Ces moyens vont former deux brigades blindées mais le projet de les transformer en véritables divisions blindées ne verra jamais le jour faute de moyens (la Bulgarie ne possède qu’une faible industrie et dépend de manufacturiers étrangers pour s’équiper).

A partir de 1945 la Bulgarie investit massivement dans son outil militaire. Enfin tout est relatif et si une petite industrie militaire voit le jour elle ne peut couvrir tous les besoins de l’armée de Boris III qui dépend encore des importations notamment allemandes.

Ces derniers sont réticents à livrer le matériel demandé non seulement parce qu’ils doivent privilégier l’équipement de leur armée mais aussi et peut être surtout parce qu’on se méfie des bulgares.

Panzer IV Ausf G

Les demandes en matériel ne seront jamais satisfaites mais certaines étaient tellement extravagantes (500 Panzer IV et 300 Stug III par exemple) qu’on est en droit de se demander si il ne s’agissait pas de demander plus pour obtenir ce qu’on voulait vraiment. Le débat reste ouvert…… .

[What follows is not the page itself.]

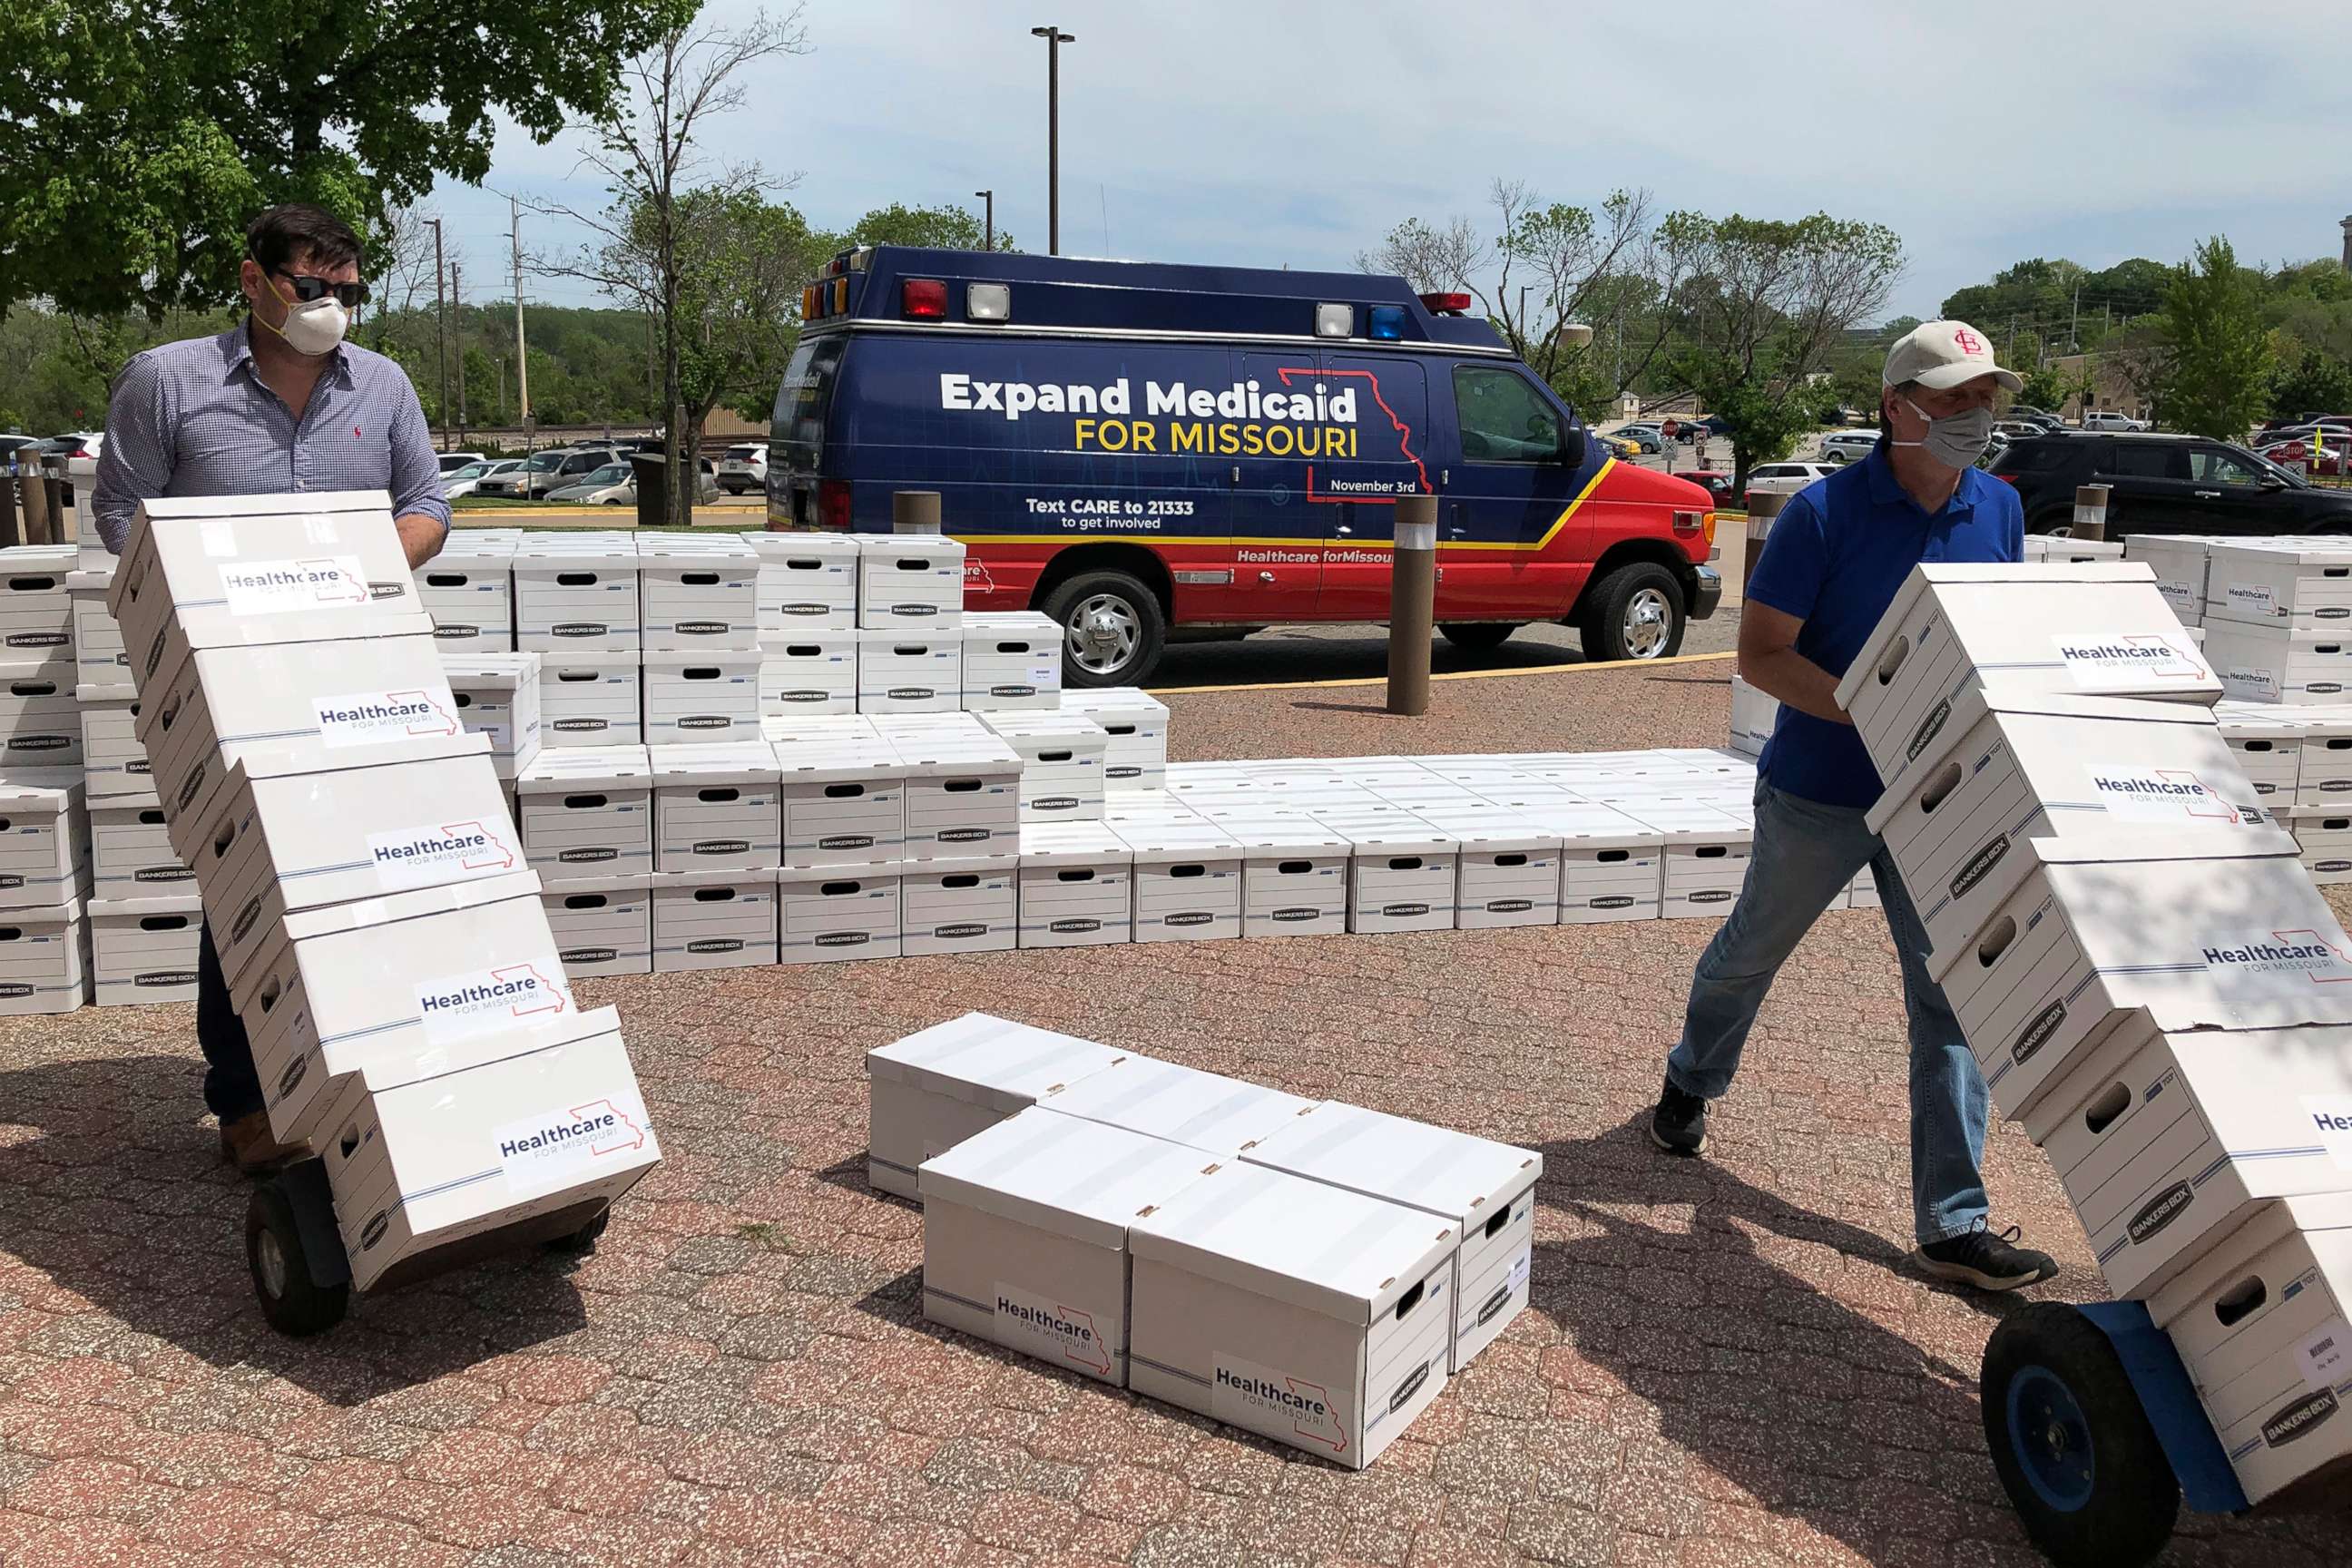 PHOTO: Campaign workers David Woodruff, left, and Jason White, right, deliver boxes of initiative petitions signatures to the Missouri secretary of state's office in Jefferson City, Mo., May 1, 2020.

L’infanterie renouvèle son armement qui est dans l’ensemble assez moderne même si il reste ici ou là quelques armes utilisées par leurs ainés durant le premier conflit mondial.

Si on compare aux pays voisins la Bulgarska Armiya n’à pas à rougir de son équipement et les manœuvres estivales exécutées en 1946, 1947 et 1948 ont révélé certes des lacunes mais également un niveau acceptable voir bon dans certains domaines, une armée de format réduite ayant permis de créer de bons officiers et d’excellents sous-officiers. Certes en cas de guerre de masse cela peut aboutir à une armée à deux vitesses…… .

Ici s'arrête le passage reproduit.